Introduction: In partial fulfillment of accreditation requirements, physician assistant (PA) programs analyze various performance indicators to identify correlation to Physician Assistant National Certifying Exam (PANCE) outcomes. While numerous studies have identified correlating performance indicators, research defining actionable, program-specific intervention criteria is limited. To address this need, we aim to determine if interventions implemented by the program based on indicator cutpoints were effective in reducing the number of potential PANCE failures.

Methods: This retrospective study includes students in cohorts 2019 to 2024 from the University of North Texas Health Science Center PA Program (n = 426). Pearson correlation and regression analysis was performed to identify cutpoints for program indicators of PANCE performance. At-risk student performance after counseling and intervention was then analyzed.

Results: Students with 5 or more indicators below the cutpoint were projected to fail the PANCE. Cohorts 2019 to 2023 had 5 or fewer projected PANCE failures each year, while cohort 2024 had 13 projected failures. With targeted intervention and counseling initiated early in the program, the 2024 cohort had a significantly lower rate of PANCE failure among those projected to fail compared to previous cohorts (2024: 8%; 2023: 50%; 2021: 40%; 2020: 50%).

Discussion: Monitoring student progress through both didactic and clinical phases, using a combination of cutpoints for programmatic assessments and course performance, allows for timely and individualized interventions that can enhance PANCE pass rates. The noted reduction in the PANCE failure rate for cohort-specific high-risk students highlights the success of this approach and underscores the value of personalized counseling, tailored interventions, and access to resources throughout the program.
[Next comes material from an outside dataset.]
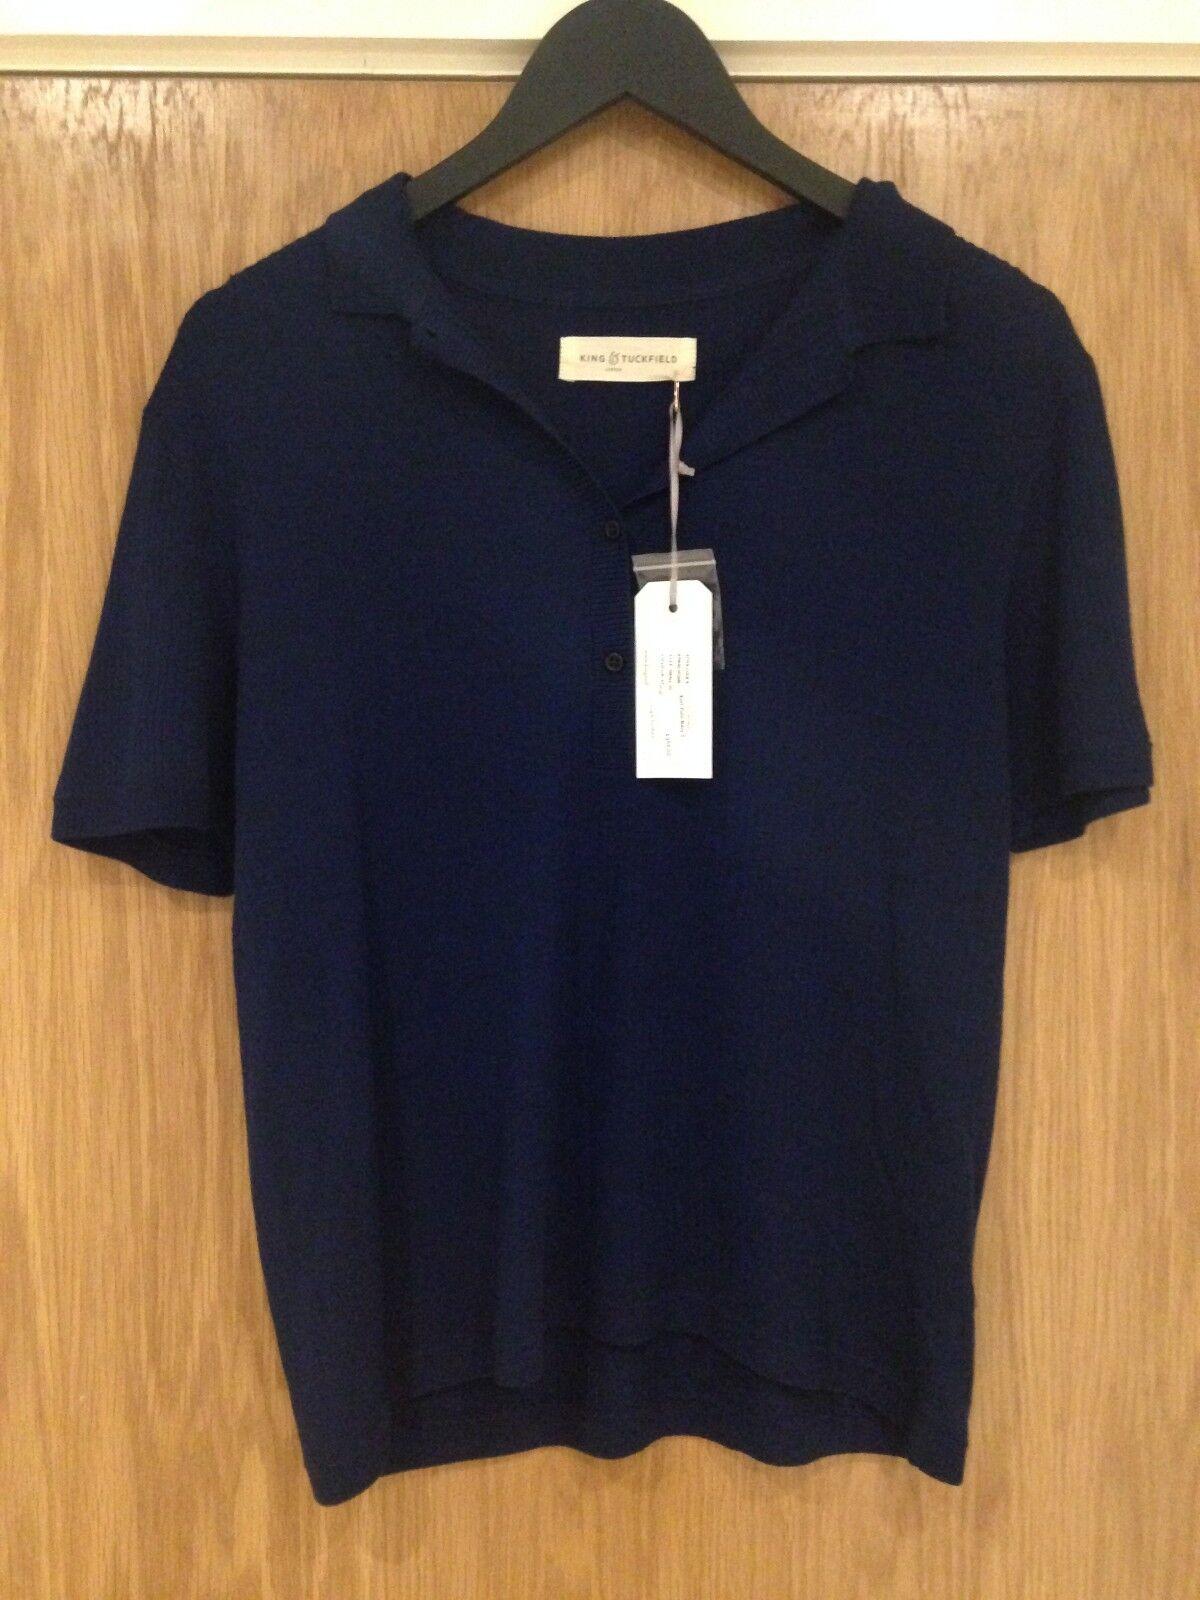 Designer King Tuckfield Woman's Small 100% Marino Navy Blau Polo Shirt BNWT
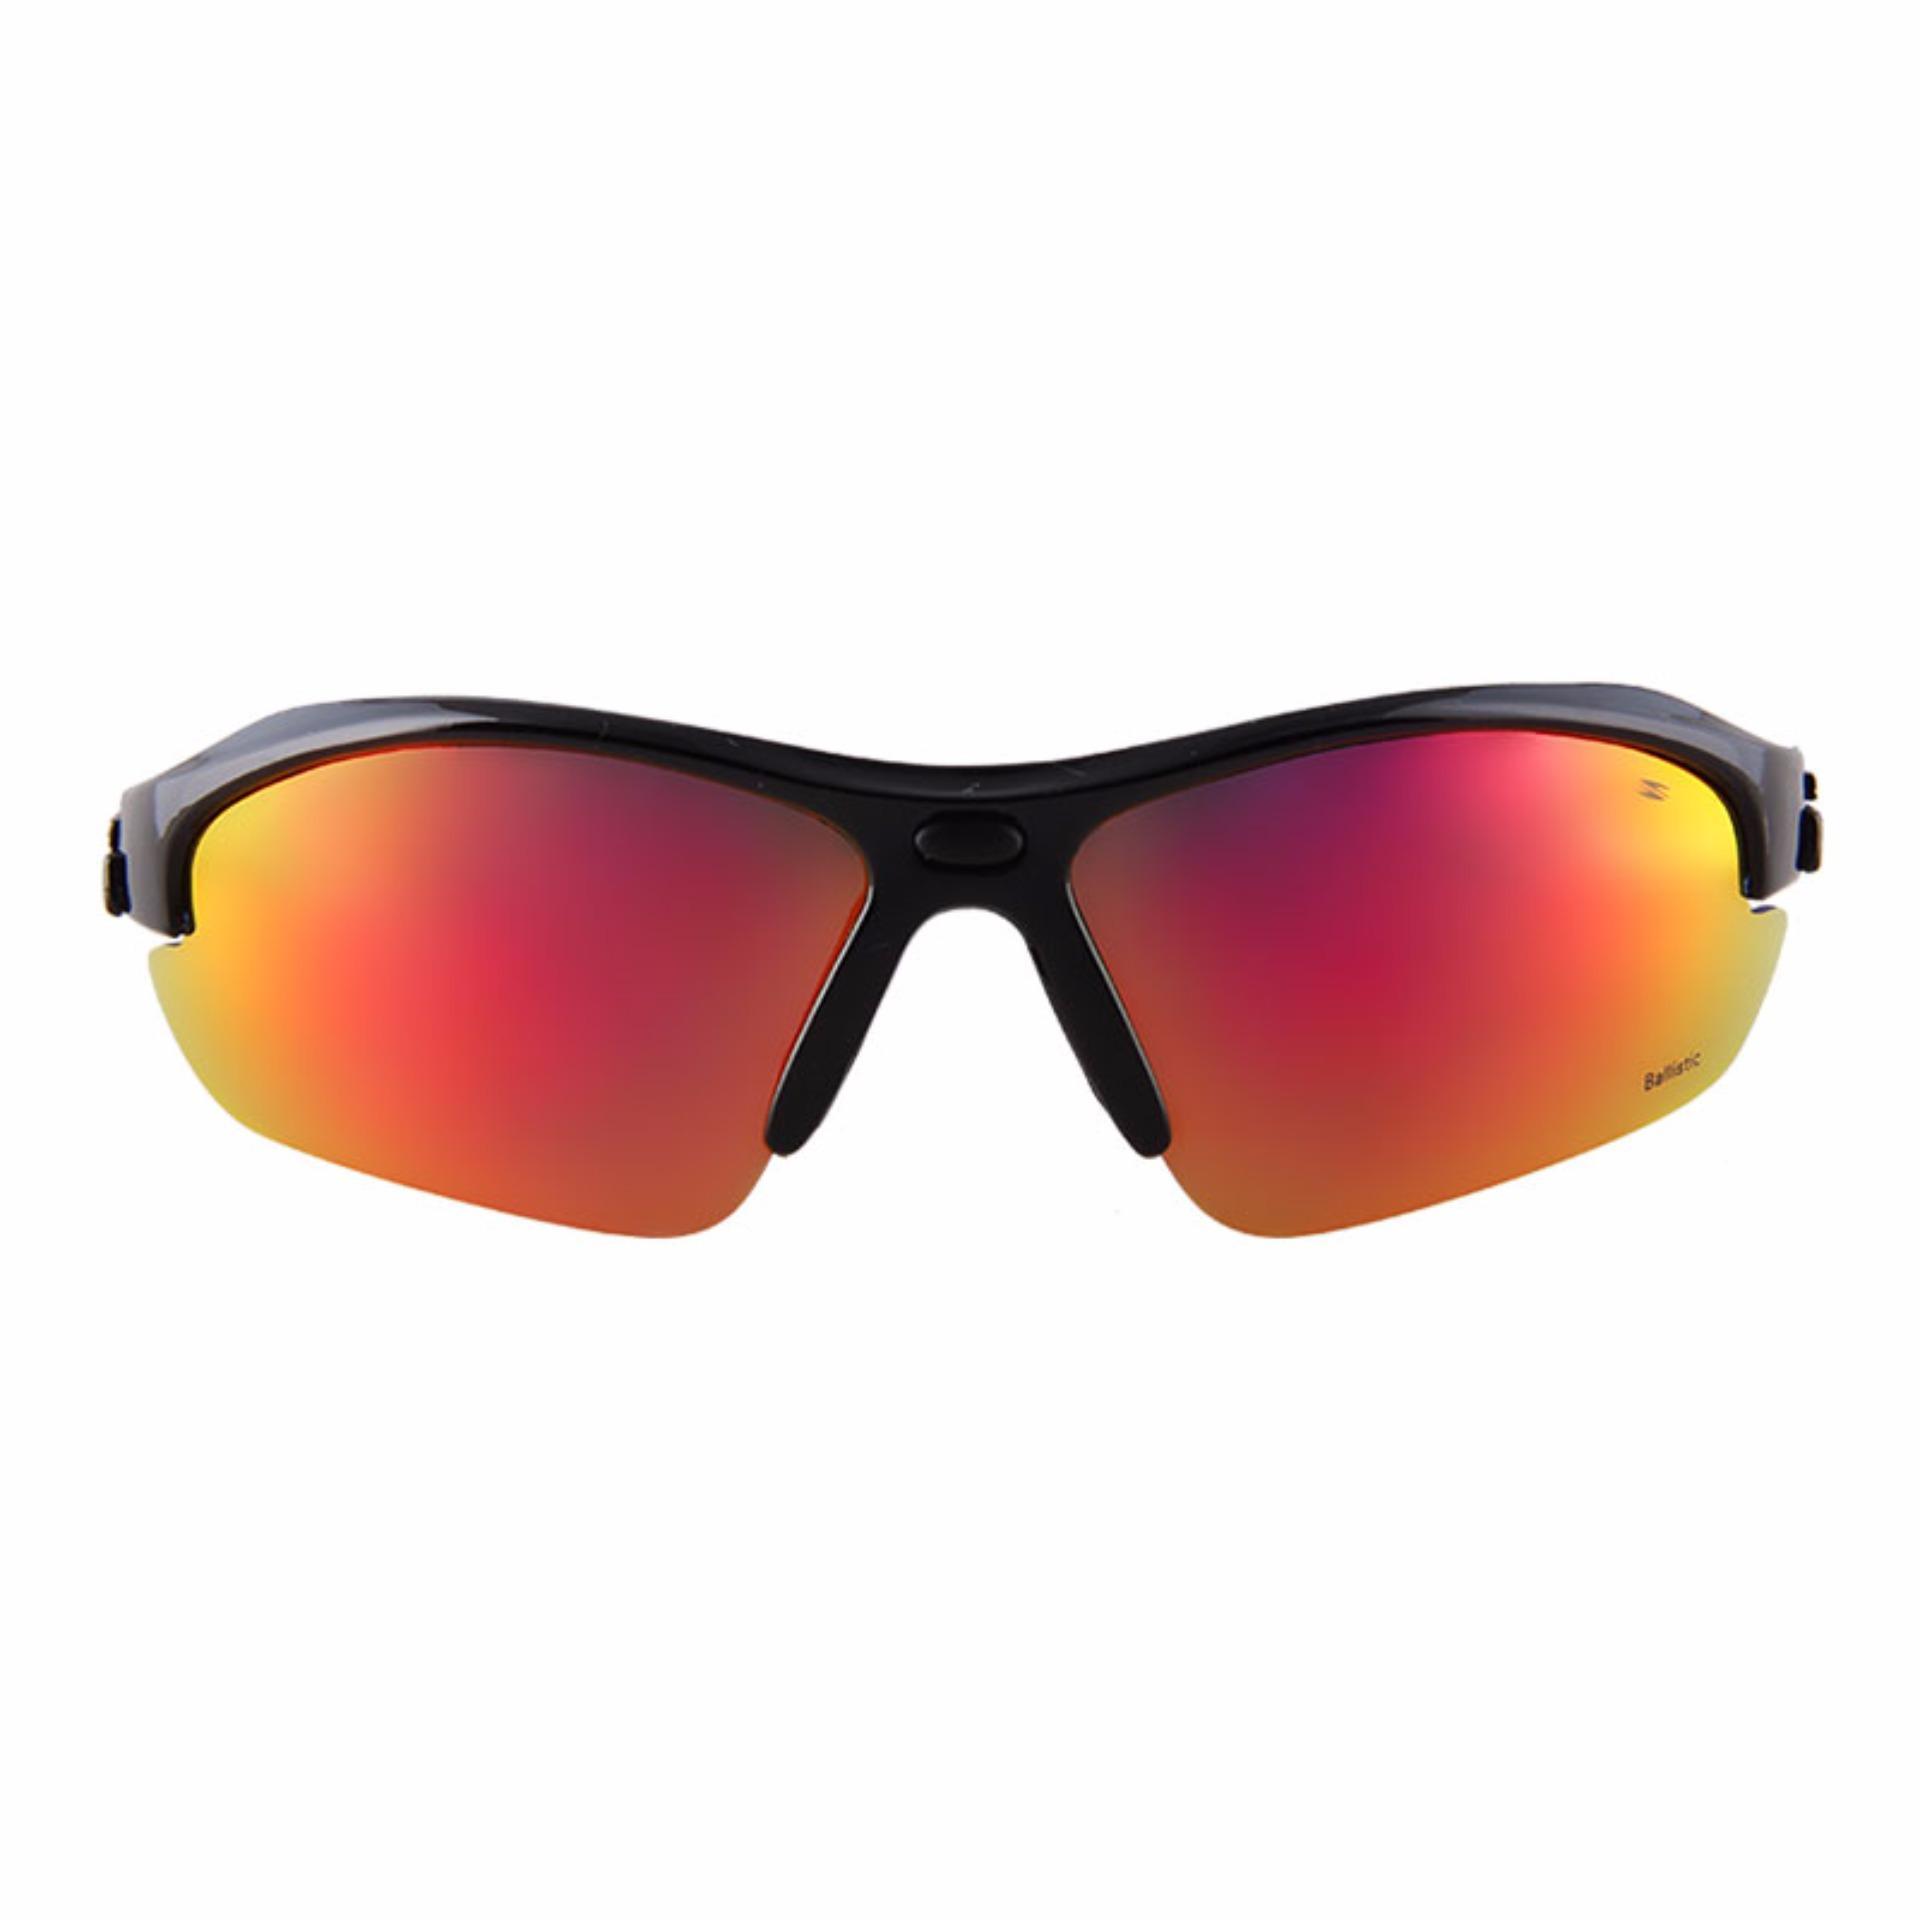 9e2b2107c5 Spyder Philippines -Spyder Sunglasses For Men for sale - prices ...

通过有针对性的干预措施减少医师助理国家认证考试的失败。
简介:在部分满足认证要求的情况下,医师助理(PA)项目分析各种绩效指标,以确定与医师助理国家认证考试(PANCE)结果的相关性。虽然许多研究已经确定了相关的绩效指标,但确定可操作的具体方案干预标准的研究是有限的。为了满足这一需求,我们的目标是确定基于指标切点的项目实施的干预措施是否有效地减少了PANCE潜在故障的数量。方法:本回顾性研究纳入北德克萨斯大学健康科学中心PA项目2019 - 2024队列的学生(n = 426)。进行Pearson相关和回归分析,以确定PANCE绩效的项目指标的切点。在咨询和干预后,分析了高危学生的表现。结果:5项及以上指标低于切点的学生预计PANCE不及格。2019年至2023年的队列每年预计有5次或更少的PANCE失败,而2024年的队列预计有13次失败。在项目早期就开始有针对性的干预和咨询,与之前的队列相比,2024队列中预期失败的PANCE失败率显着降低(2024:8%;2023年:50%;2021年:40%;2020年:50%)。讨论:通过教学和临床阶段监测学生的进步,结合项目评估和课程表现的切入点,允许及时和个性化的干预,可以提高PANCE及格率。PANCE对特定队列高危学生失败率的显著降低,突出了这种方法的成功,也强调了个性化咨询、量身定制的干预措施以及在整个项目中获取资源的价值。
本文章由计算机程序翻译,如有差异,请以英文原文为准。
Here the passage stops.